An interview with Jason Radford: Lessons Learned about Bots in Online Research
![]() | We interviewed Dr. Radford about his experience with bots and bad actors in internet research. Jason Radford, PhD, is the Managing Director of the National Internet Observatory and founder of the Social Design Lab at Northeastern. After earning his PhD in sociology from the University of Chicago, he has since helped establish Volunteer Science, a platform for conducting online behavioral studies. In this interview, Jason draws on his firsthand experience to discuss how researchers can identify and address fraudulent responses in online studies — from recognizing the warning signs to building practical data quality checks. |
How do researchers realize they have a bot problem?
One way is you start seeing participation shoot up. The National Internet Observatory had a major issue with fraud in early 2025. Some people had discovered they could get paid for doing surveys without using our apps. They were creating a lot of accounts and simulating devices to get into our software just to do our $1 survey. We only found out because we stopped spending money on online ads and were still getting 100 new participants each day.
How did you figure out who was a bot?
There’s no single way. When we started looking at the data from these participants, nothing seemed out of place at first. But when we looked closer, a couple of things stuck out. There were a lot of conservative democrats and liberal republicans. All of the email addresses had a similar format. None by itself was conclusive, but you start seeing patterns. We implemented multi-feature data quality checks. We use instruction and attention checks. We also look for markers of inconsistency, like the conservative democrats. We also ask the same question across surveys to see if people’s answers change. Sometimes people can be conservative democrats and everyone checks the wrong box every once in a while. But if you’re a conservative democrat who can’t remember your mothers name, then you’re probably fraudulent.
We’ve tried a lot of things that haven’t really helped as well. We looked at duplicate IP addresses. We’ve had the same IP address do a survey 100 times but few fail our data quality checks. And it’s because IP address sharing is a lot more common than you realize, especially on mobile networks. In contrast, IP location lookups tend to be much better. VPNs can mask a user’s location, but many fraudulent users do not use them. Unfortunately, a lot of the fraud services out there like ReCAPTCHA just aren’t reliable either. There’s some signal there, but it’s very weak and, because we don’t know what signal it sends, we can’t use it in making decisions about what data is legitimate.
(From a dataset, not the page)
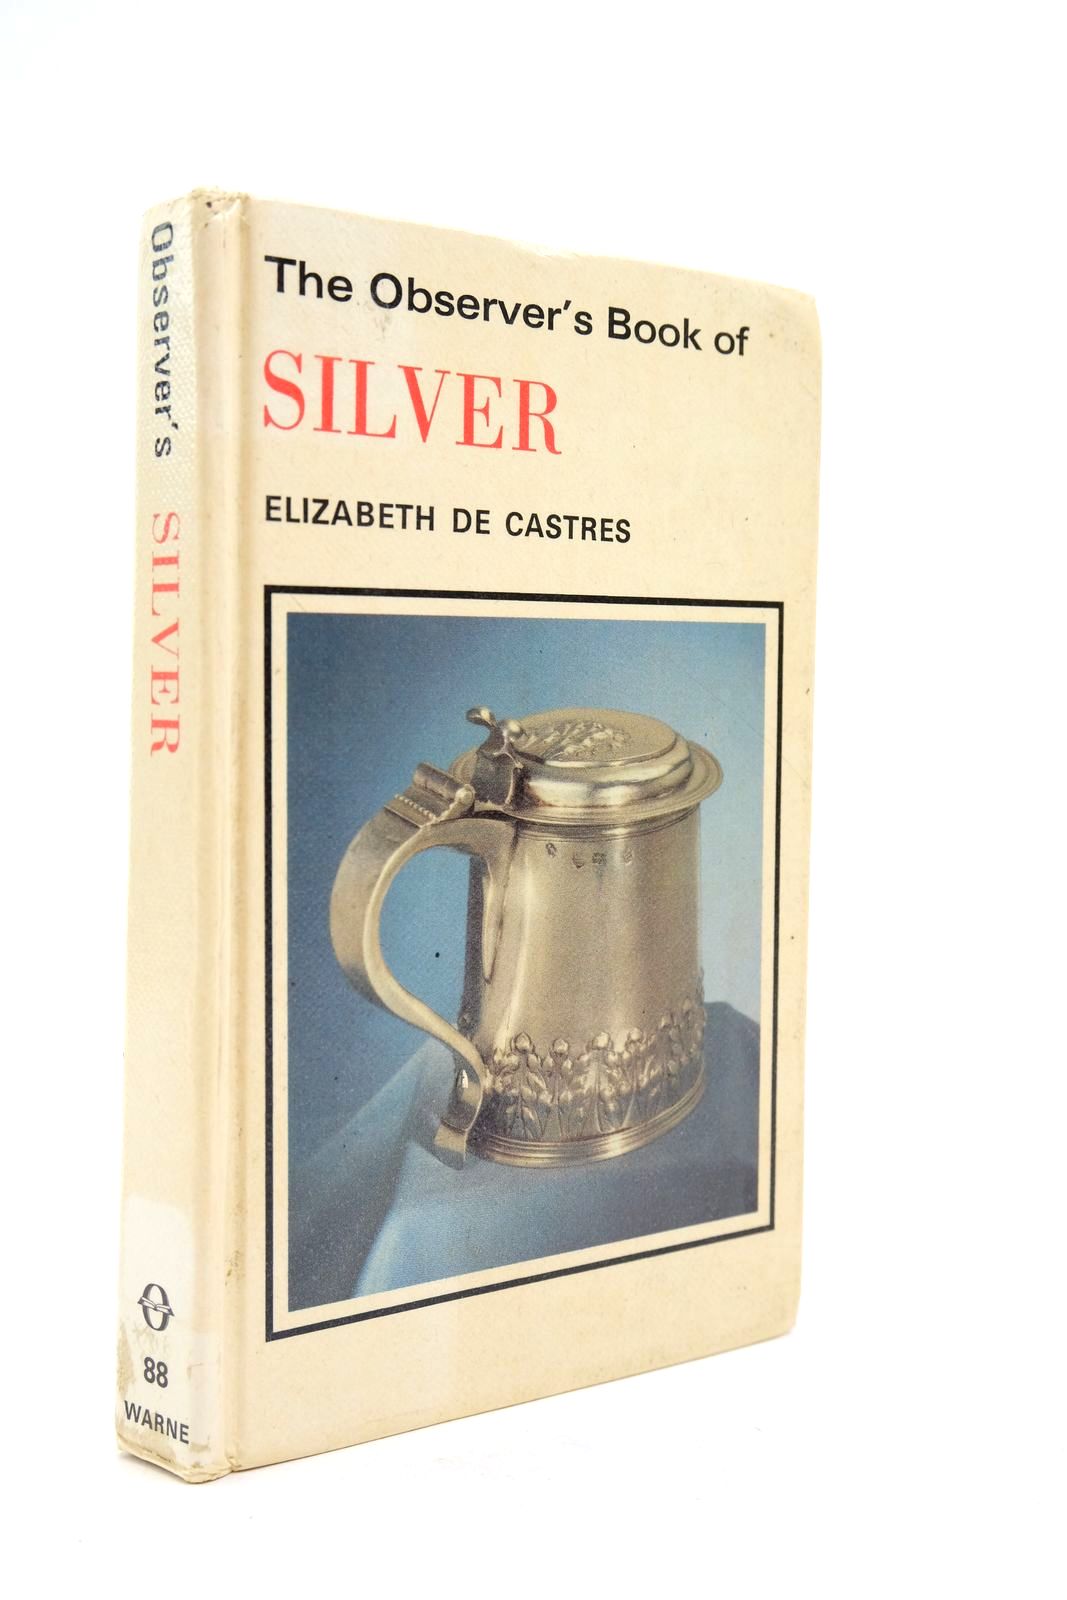 Photo of THE OBSERVER'S BOOK OF SILVER written by De Castres, Elizabeth published by Frederick Warne (STOCK CODE: 2139676)  for sale by Stella & Rose's Books
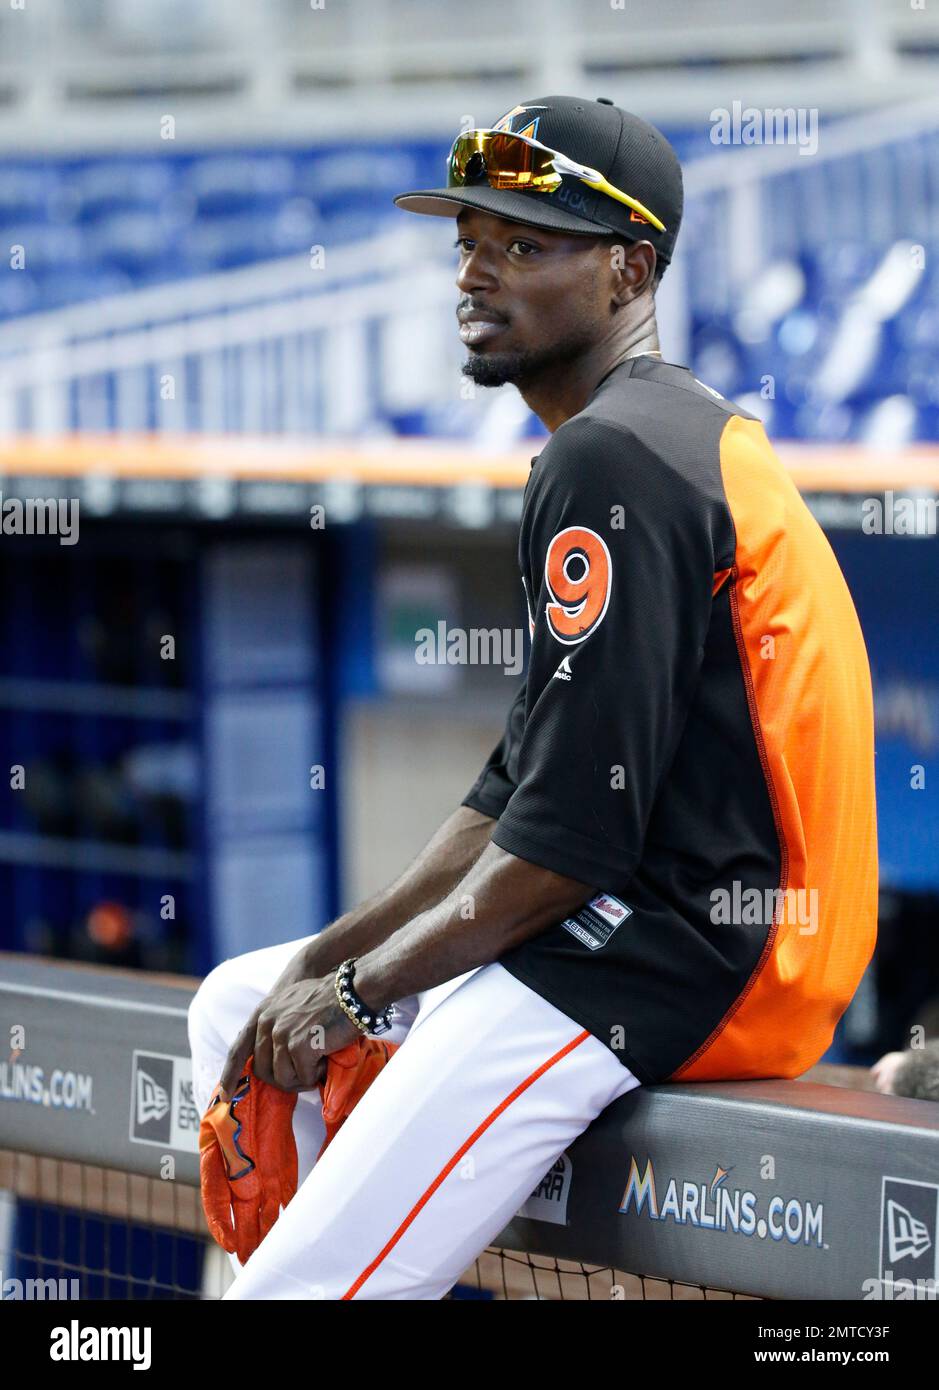 Miami Marlins' Dee Gordon puts on his batting gloves during batting  practice before the start of a baseball game against the Washington  Nationals, Tuesday, June 20, 2017, in Miami. (AP Photo/Wilfredo Lee

How do you ensure data integrity?
You have two basic questions – when do you exclude data from the analysis and when do you not pay a participant because they’re not providing authentic data. For payment, you have to give people the benefit of the doubt because we know people from disadvantaged backgrounds are more likely to make these mistakes or exhibit irregular data. You have to come up with policies for what types of errors you will and won’t tolerate. Failing easy attention checks or instruction checks, as well as clear violations of consistency checks are all good rules for treating a participant as inauthentic. When it comes to including or excluding data, we use a scoring system for data quality and do robustness checking on our results. So, we’ll run our analysis only using data with high quality scores and then run it again but adding in data with low quality scores to see whether our data quality may affect our analysis.